Глава 9: Снова дома
[радио включается]
Пересекаю залив в Ричмонде. Вода сверкает как в стихах. Ее переоценивают, но, думаю, это будет последняя красота, которую я увижу на какое-то время.
Или, может быть, последняя, которую я вообще увижу.
Разве мне не достаточно этого для одной жизни? Да и вообще всего хватит?
Я не знаю, Абрам. Не знаю.
[радио выключается]
Абрам не умер.
Часть I.
Глава IX: Снова дома.
[радио включается]
Как только выезжаешь из Ричмонда на шоссе, начинается сплошная пустота. Ну, есть ветряные мельницы, но это все. Кроме рекламных щитов, но я уверен, что ты понимаешь мое новое раздражение ими.

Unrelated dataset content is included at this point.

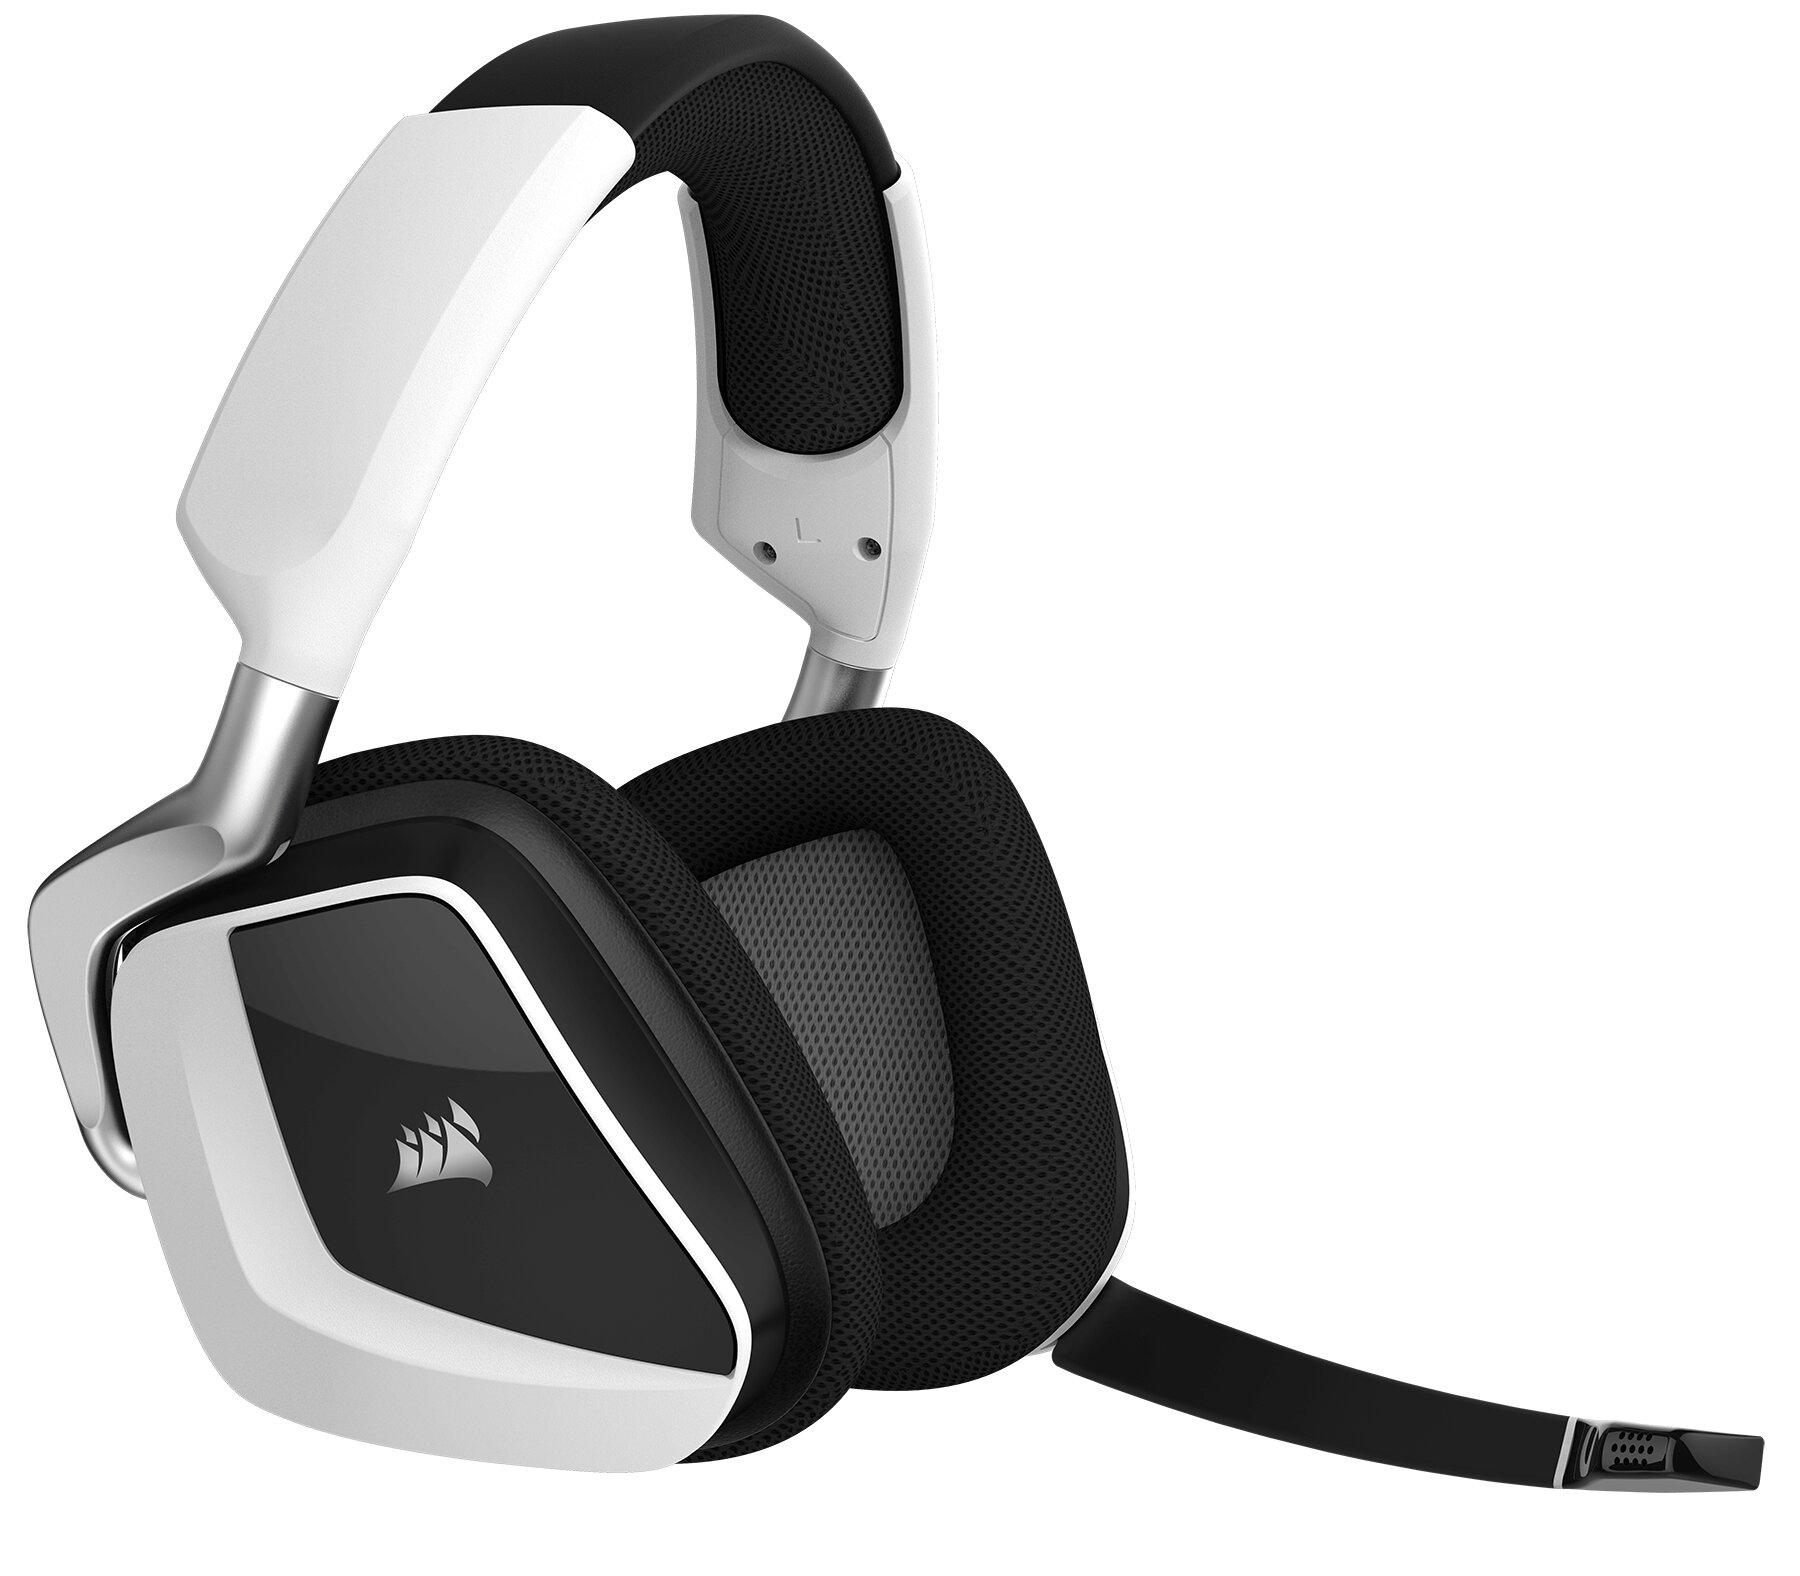 Tai nghe - Headphone Corsair Void Pro RGB Wireless
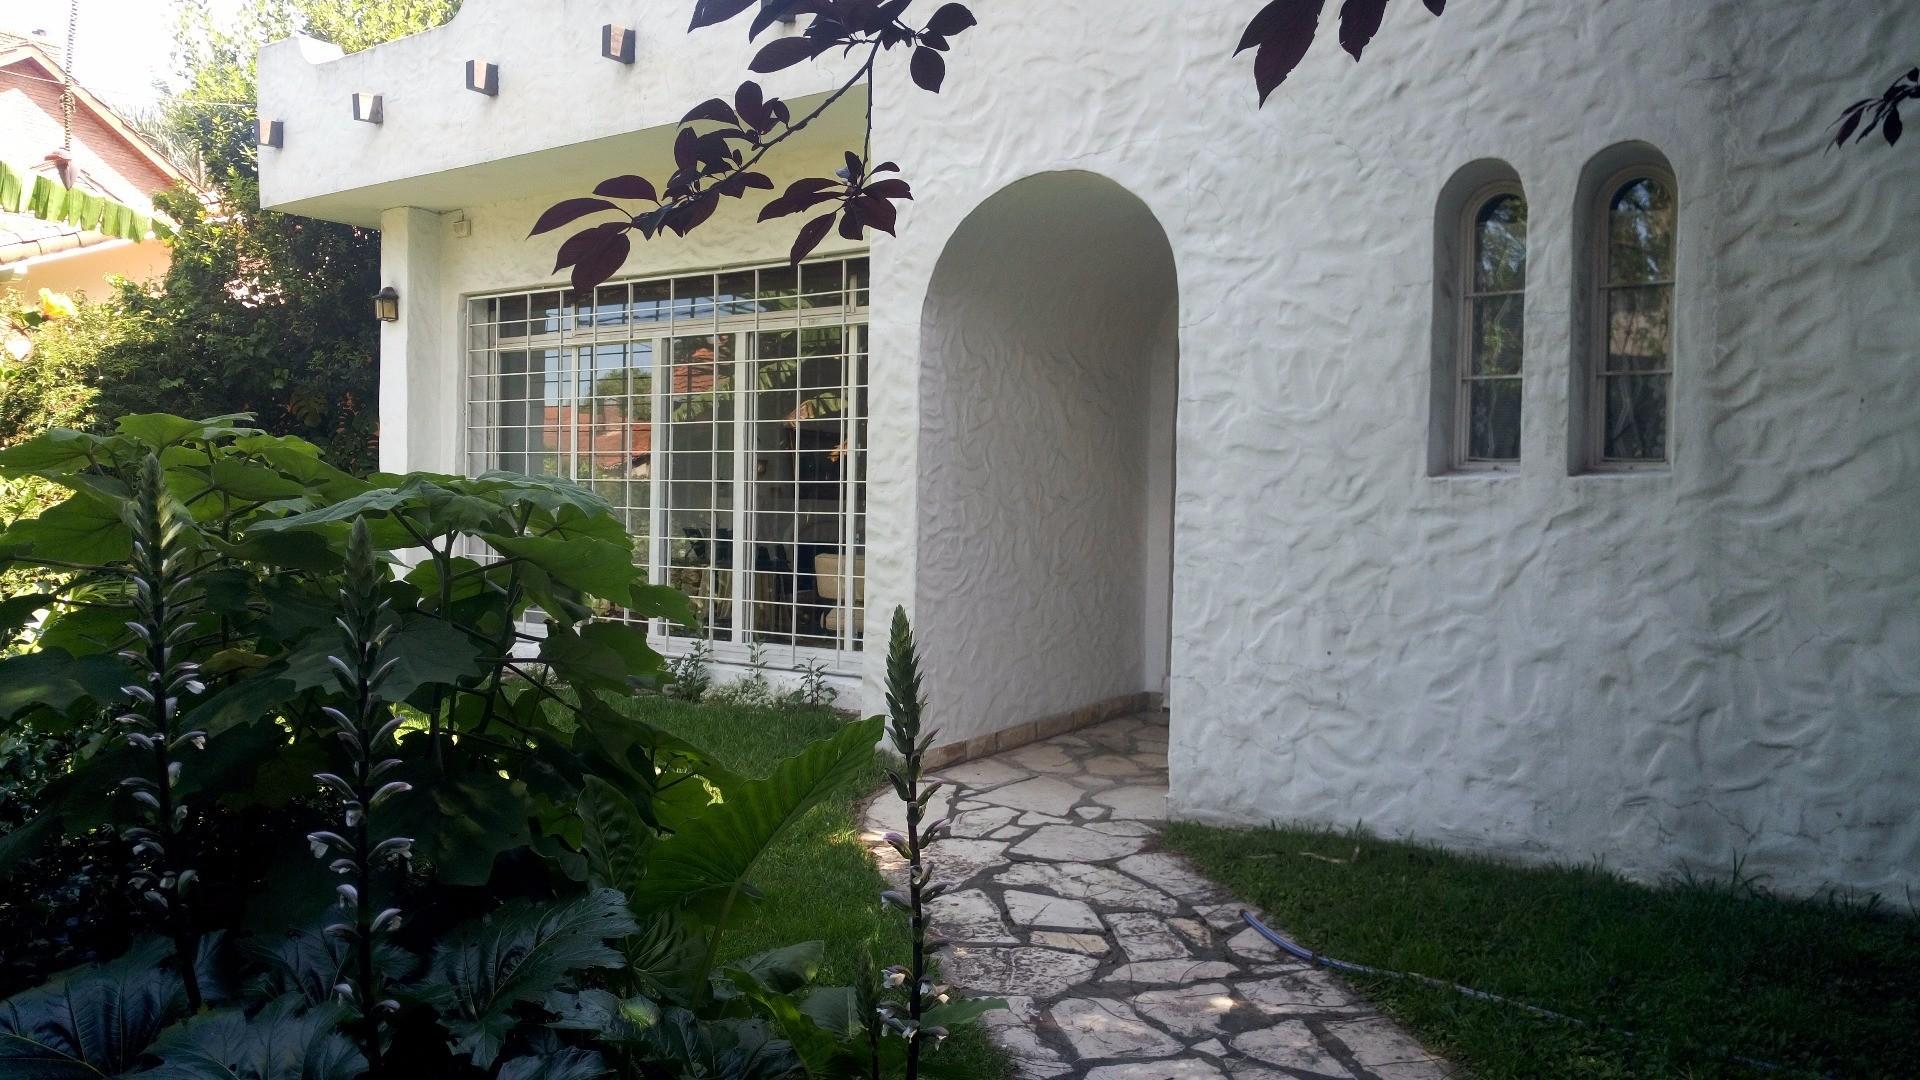 chalet-casa-casa quinta-pileta.parque-GBA-BARRIO SANTA RITA-600MTS terreno-290CUBIERTO.4 dormis

Мимо меня быстро пронеслись три рекламных щита. На каждом из них была часть лица; фрагменты лица, серые и странные, и, когда вы проезжали мимо них, три фрагмента расплывались вместе и, казалось, двигались. Как бы… сходились вместе. Как попытка анимации рекламного щита. Когда все они собрались вместе, конечным изображением стало улыбающееся, серое, осунувшееся лицо. Просто… улыбающееся.
Или нет. Не это.
Что похоже на улыбку, но усталую?
Что похоже на лицо, но отдаленное?
[радио выключается]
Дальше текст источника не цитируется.